# Advice on a brand new tank



## ryan51 (Dec 9, 2015)

I just introduced myself in another section but I wanted to make sure that this got asked in the right place.

It isn't an original question and I probably have most of the info that I need from reading similar threads on this forum, but I want to make sure I do it right.

When my wife and I first got our tank, we waited a bit over 24 hours before adding fish like we were told to by our local pet store. Less than a day after adding our 4 fish, they were all dead. It is a 12 gallon round tank with conditioned tap water, a heater set to 78 degrees, and a 20 gallon filter.

After doing more research, we realized that 24 hours is NOT long enough to cycle a tank before adding fish. we changed 2/3 of the water after the fish died and we'll be waiting another two weeks before adding new fish. Is there anything else we need to worry about? I read that you need something to help grow the bacteria. I was just going to use fish food. Will that work?

Also, we're thinking about getting 2 upside-down catfish and a molly to start off with, are those fish hardy enough for a new tank?

Thanks in advance for the help. Even if I didn't ask it directly, let me know if there's anything I'm missing for this new tank. I don't want to kill the next batch of fish like I did the last ones.


----------



## EquineSoul7294 (Nov 2, 2015)

Hey there and welcome!
Sorry you lost your first group of fish! You're right to wait until your tank cycles now. However, it usually takes anywhere 4-8 weeks to fully cycle (in my experience). 
Yes, you do need something to kick-start your cycle/grow bacteria.

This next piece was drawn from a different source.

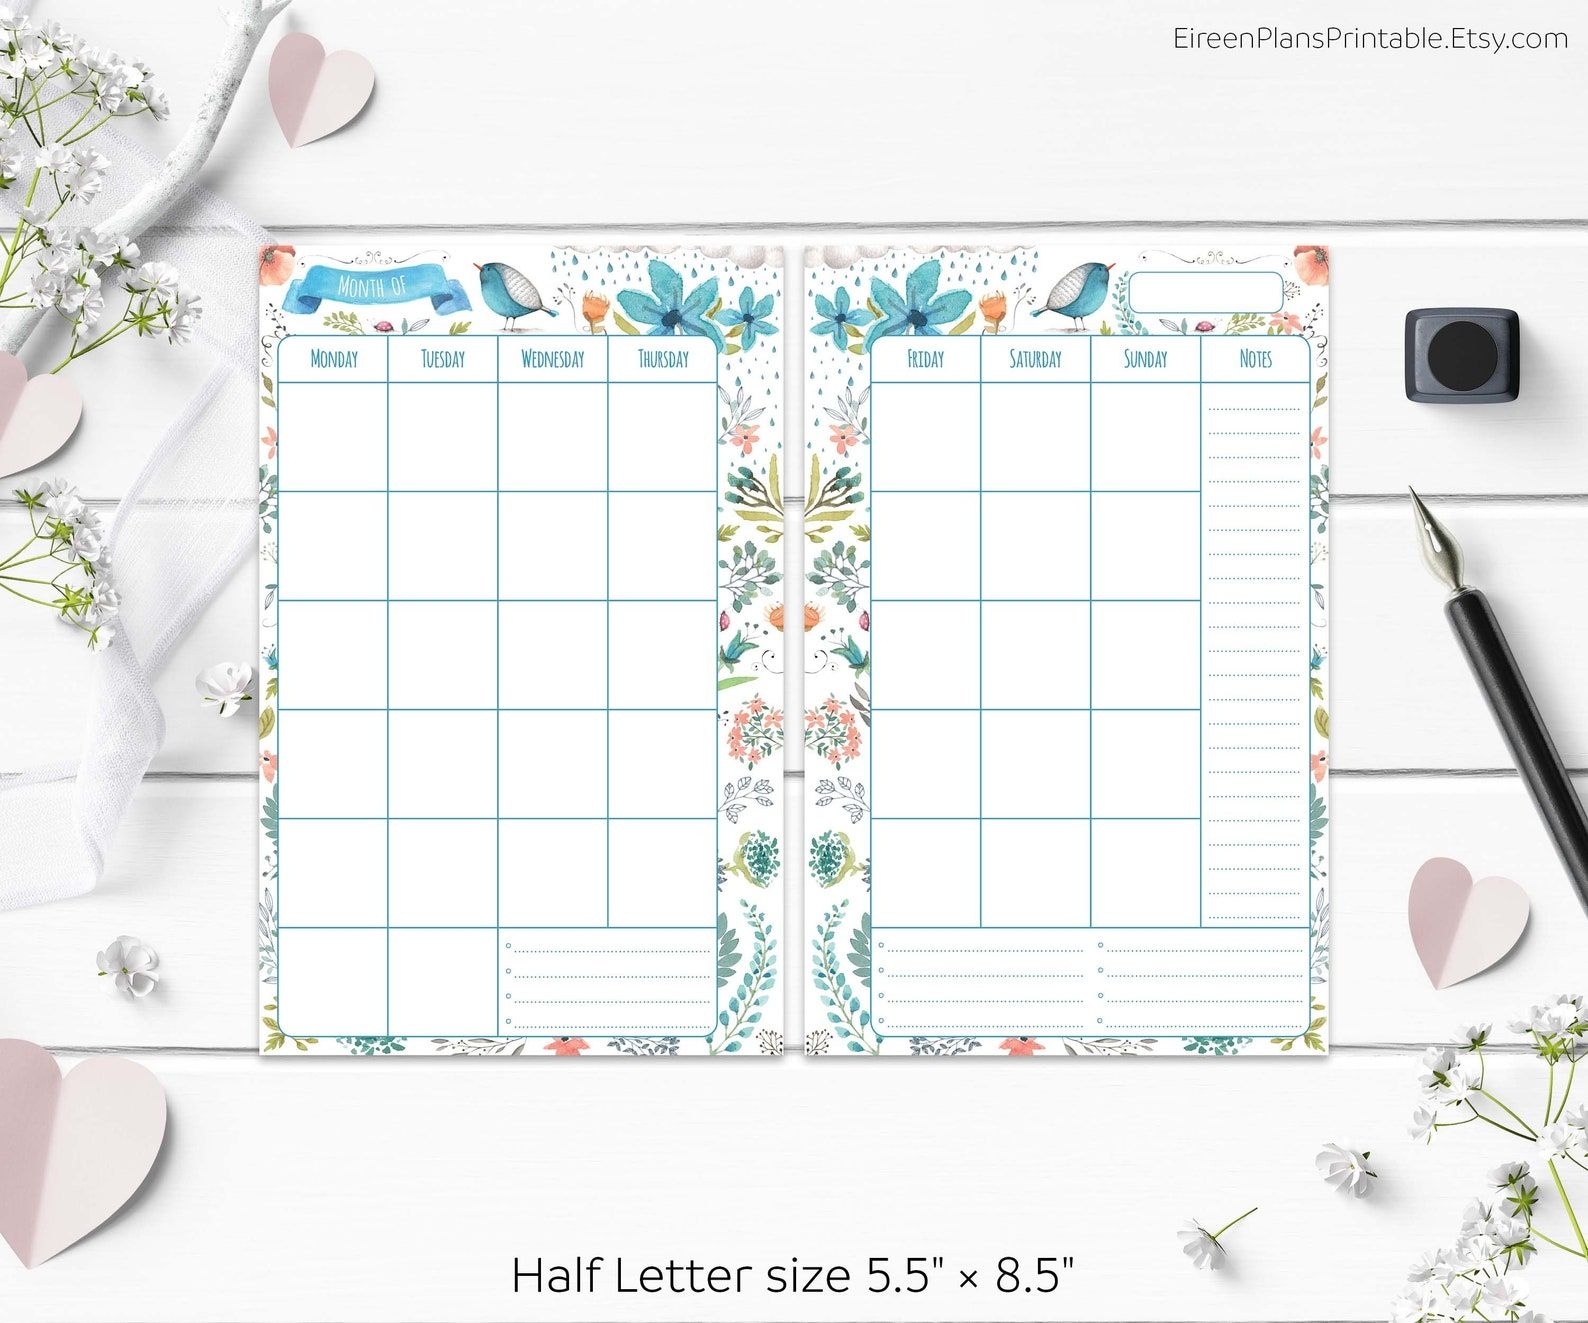 5 5 x 8 5 undated monthly planner printable refill

The most common ways I've seen to do this are:
1. Put a dead shrimp from the grocery store (or dead fish if you have one) in the tank to start decaying. It's a little less messy if you tie it inside a portion of pantyhose & then throw it in).
2. Fish food (like you mentioned). I don't personally use this method because of the mess, but I know plenty of people who do.
3. Using cheap live fish to fill the water with pee/poop/food. I've used minnows with success. Just don't use anything you can't handle losing.
4. Adding filter media/sponge/gravel or anything you can from an established tank can help some. 
5. Add pure ammonia to your tank. (I do not know anyone who does this anymore because of the struggle to keep things chemically balanced. I'm sure there's people on here who could tell you more about that one, though).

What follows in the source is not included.